2021 journal article

Ensuring Data Readiness for Quality Requirements with Help from Procedure Reuse

ACM JOURNAL OF DATA AND INFORMATION QUALITY, 13(3).

author keywords: Data and information quality; data integration in Big Data; data cleaning in Big Data; Big Data quality and analytics; Big Data quality in business process; Big Data quality management processes, frameworks and models
TL;DR: This research presents a meta-modelling architecture that automates the very labor-intensive and therefore time-heavy and therefore expensive process of manually cataloging and cataloging data in order to assess and improve the quality of data. (via Semantic Scholar)
Source: Web Of Science
Added: February 21, 2022

Assessing and improving the quality of data are fundamental challenges in Big-Data applications.

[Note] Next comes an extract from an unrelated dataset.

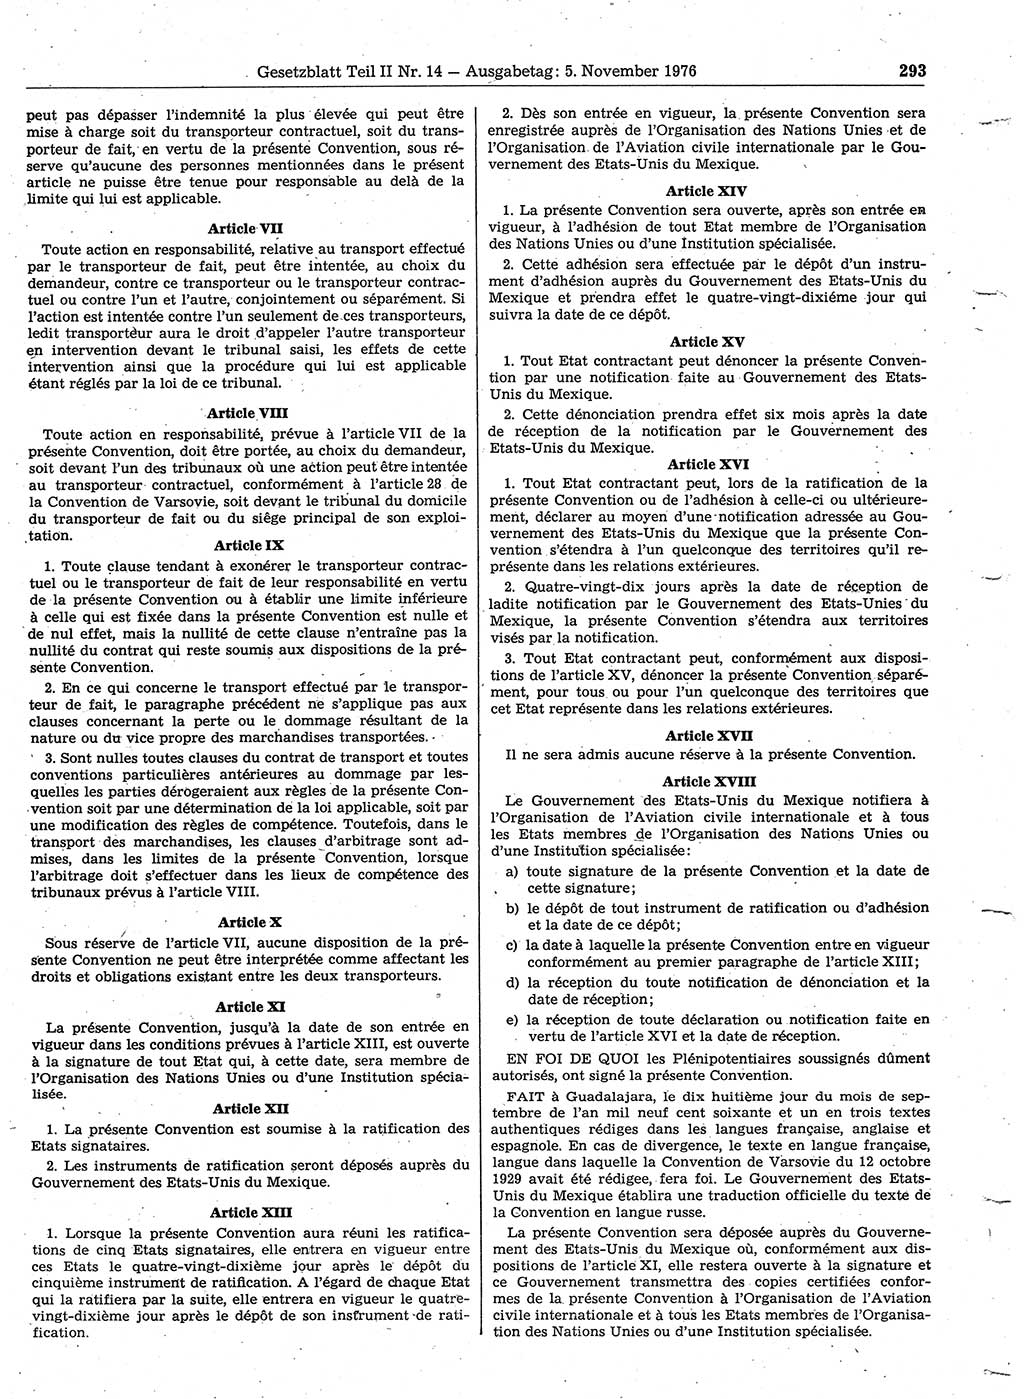 Gesetzblatt (GBl.) der Deutschen Demokratischen Republik (DDR) Teil ⅠⅠ 1976, Seite 293 (GBl. DDR ⅠⅠ 1976, S. 293)

These challenges have given rise to numerous solutions targeting transformation, integration, and cleaning of data. However, while schema design, data cleaning, and data migration are nowadays reasonably well understood in isolation, not much attention has been given to the interplay between standalone tools in these areas. In this article, we focus on the problem of determining whether the available data-transforming procedures can be used together to bring about the desired quality characteristics of the data in business or analytics processes. For example, to help an organization avoid building a data-quality solution from scratch when facing a new analytics task, we ask whether the data quality can be improved by reusing the tools that are already available, and if so, which tools to apply, and in which order, all without presuming knowledge of the internals of the tools, which may be external or proprietary.